Soloist Lee Meng-hsueh is a master of precision, bringing the piece to a climax with the most rapid tremolo strokes I have encountered. After a mesmerising dizi (bamboo flute) solo, the orchestra unexpectedly begins to hum the main yangqin theme, a most memorable experience.  

Silk Road Fantasy Suite is a concerto for guan (double read pipe), which closely resembles the duduk from Armenia. The piece explores China’s centuries-long connection with the Middle East through a collage of ‘oriental’ modes and rhythms. Soloist Ma Wai Him is stunning in his delivery of the virtuosic guan line, which is technically challenging in the various moods conveyed.

Of particular interest is Movement 4 The Dream of Loulan, a quasi-double concerto with Fu Zifei playing the guzheng (21-stringed zither).

Here, Ma engages in an Arabic-sounding mode while Fu’s guzheng strings are tuned to the notes E-F-A-B-D, creating an intellectually stimulating bi-modal experience. The mood is seductive and lilting, at times soporific.

The Dance of Qiuci begins with an explosion of energy in which an Iranian-Turkish inspired frame drum is featured above the gehu (hybrid erhu-cello and double bass) pizzicato line within a flurry of rhythmic activity.

I was impressed by HKCO’s continued development of the gehu (hybrid erhu-cello) and its stance on animal protection through championing the eco-huqin (bowed fiddle) series, which employs synthetic rather than snake-skin resonators.  

The second half of the concert begins with five excerpts from Wang Liping’s Dream of the Red Chamber Suite, commissioned by HKCO in 1988.

Based on the iconic 18th century Chinese novel of the same name, the composition opens with a sheng (mouth organ) solo followed by a romantic tutti. Not often heard in the Chinese orchestra is the sanxian (3-stringed lute), which features in the section titled Grannie Liu. A similar drum and gong passage from the start of the concert is heard in The Lantern Festival with a recurring suona and sheng (mouth organ) motif.

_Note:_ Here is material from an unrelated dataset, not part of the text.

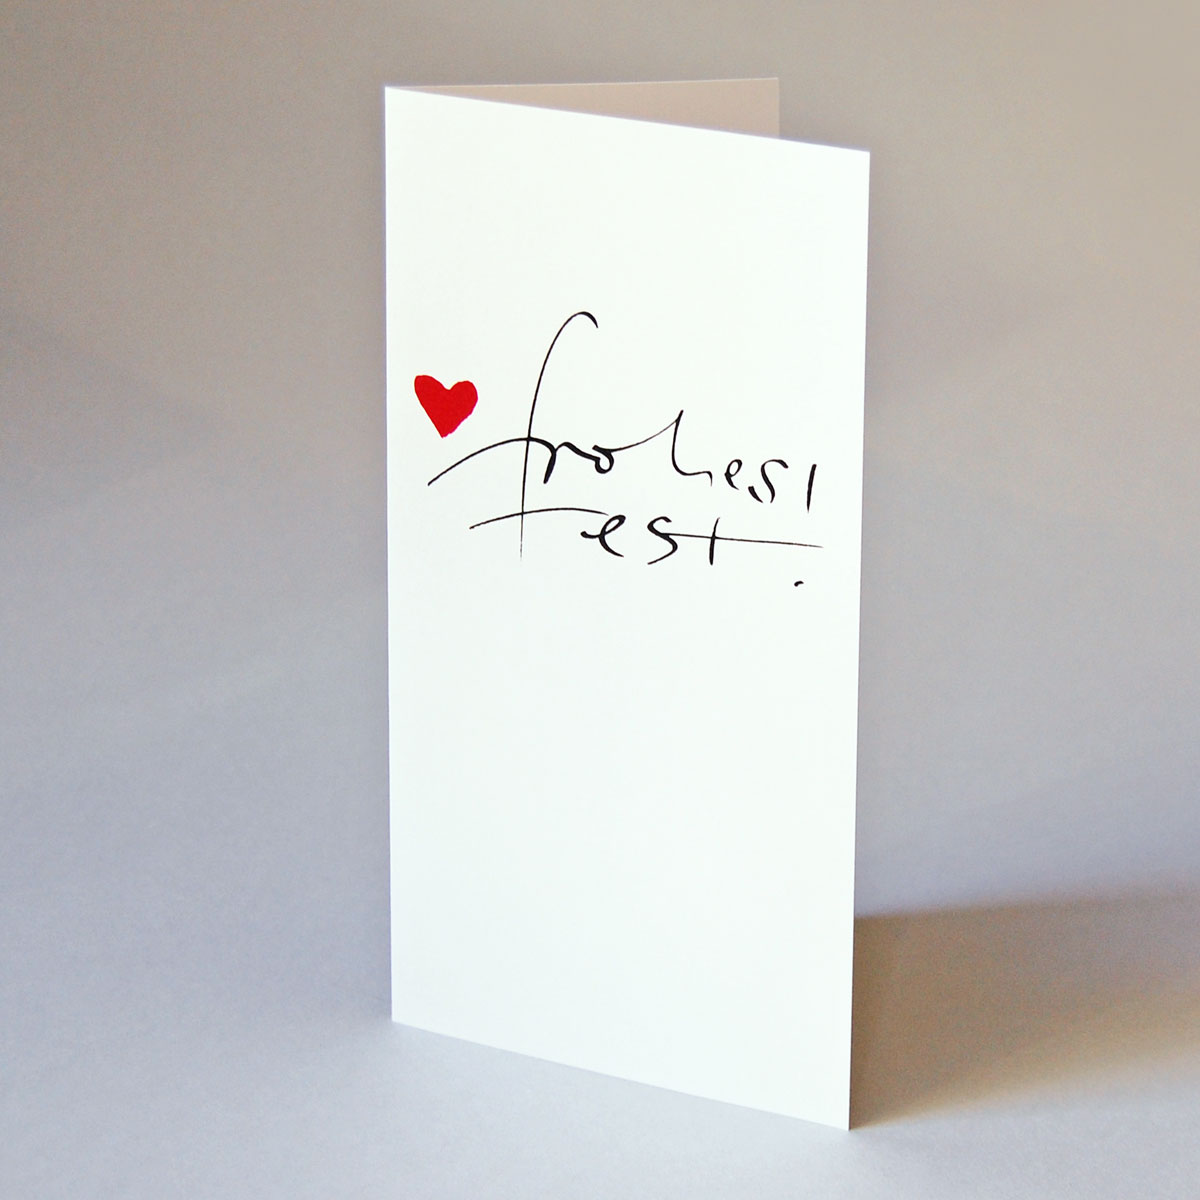 frohes fest! Kalligrafie-Weihnachtskarten mit rotem Herz

In Burying the Flowers, we return to the luscious orchestration of the opening with a soulful erhu (2-stringed fiddle) solo performed by concert master Mao Qinghua. Interestingly, the score includes a vibraphone which adds a magical touch to the dreaminess of this composition.  

Composed in 1984, Terracotta Warriors by Peng Xiuwen is a fine display of orchestral technique and performance stagecraft.

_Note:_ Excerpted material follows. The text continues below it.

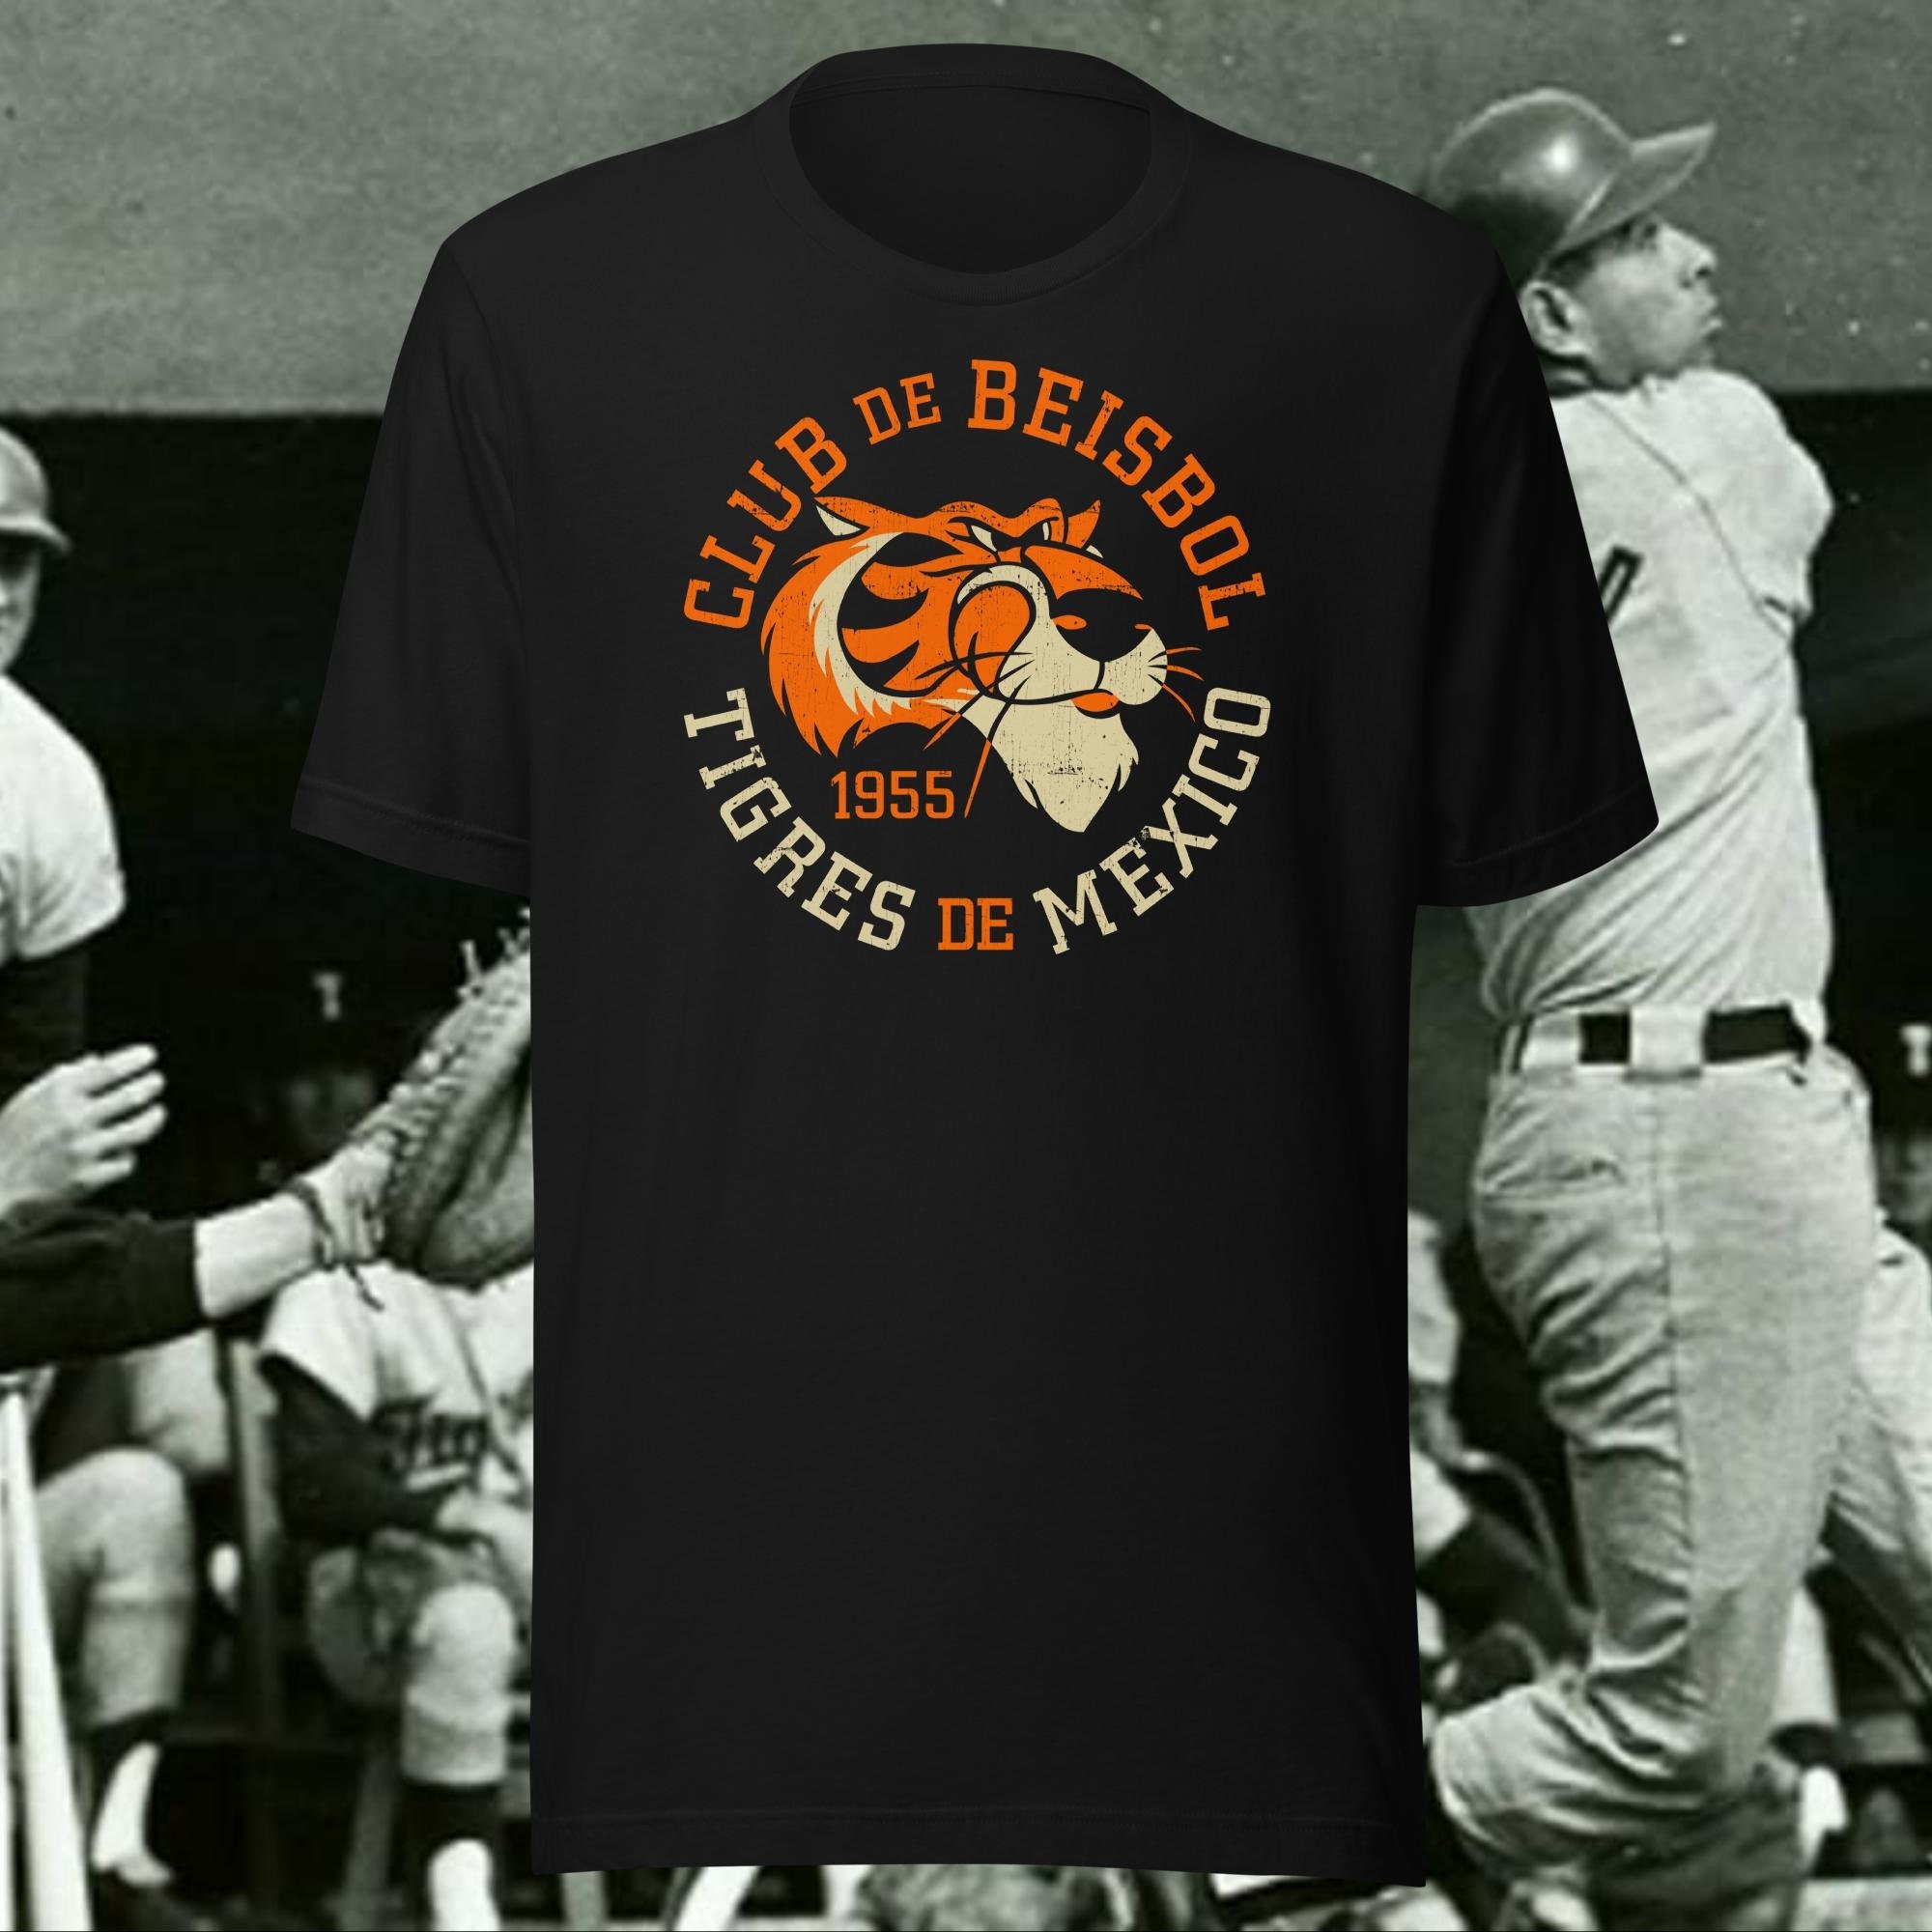 Tigres De Mexico / Mexico City Tigers 1955 Club De Beisbol - Etsy

In this composition, one might marvel at the large cohort of suona (double reed pipes) in all ranges which seems to cover both double reed and brass functions in the western orchestra.

Peng makes full use of this cohort alongside a full complement of sheng (mouth organ). What follows is a timbral and modulatory adventure through various instrumental solos from the liuqin (Chinese mandolin) and zhonghu (alto bowed fiddle) to the ghostly xun (ocarina).

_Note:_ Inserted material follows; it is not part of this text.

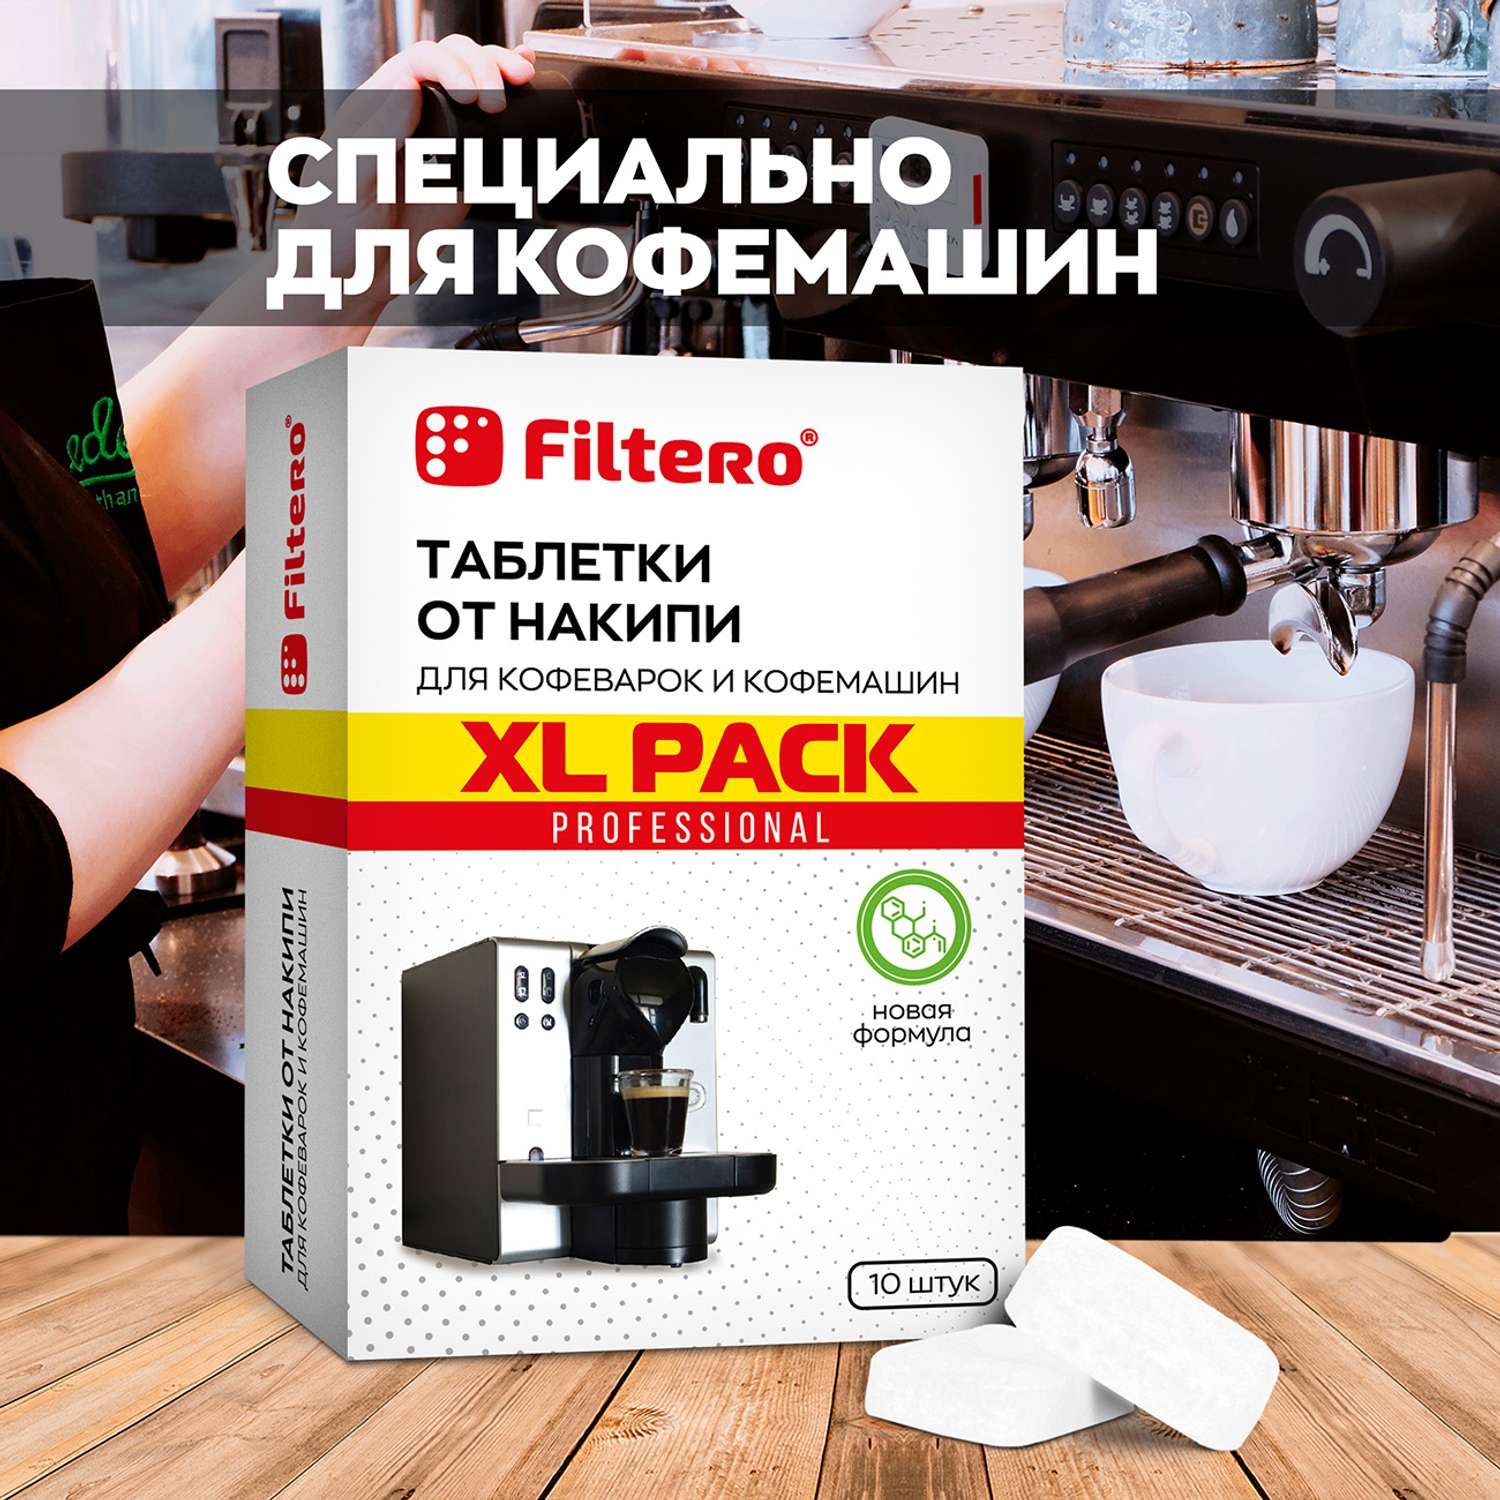 Таблетки Filtero от накипи для кофеварок и кофемашин 10 шт - фото 3

According to HKCO Executive Director Dr Celine Chin, this piece intimately captures the dialogue between a husband and wife prior to the husband’s departure in the army particularly through a woodblock motif. Most importantly, Terracotta Warriors is not so much about war, but focuses on the soldiers’ cry for peace and a longing for home. It is this focus on peace that dictated artistic director’s Yan programming of the concert.

To end the evening was an expected gesture of generosity through not one but two encore pieces: a medley of three brilliantly orchestrated Christmas carols (Joy to the World, Silent Night and Jingle Bells) followed by the theme song of the kungfu TV series Legend of the Condor Heroes (1983), a timeless classic and signature encore piece of the HKCO.

Ausfeng has once again produced an excellent display of Chinese culture in Australia, this time in collaboration with the China Arts and Entertainment Group. Under the expert leadership of conductor Rupert Woo Park Tuen, the concert sits in the liminal space between tradition and innovation, showcasing what Chinese instruments in their modernised forms can do while demonstrating the potential for future cross-cultural collaborations.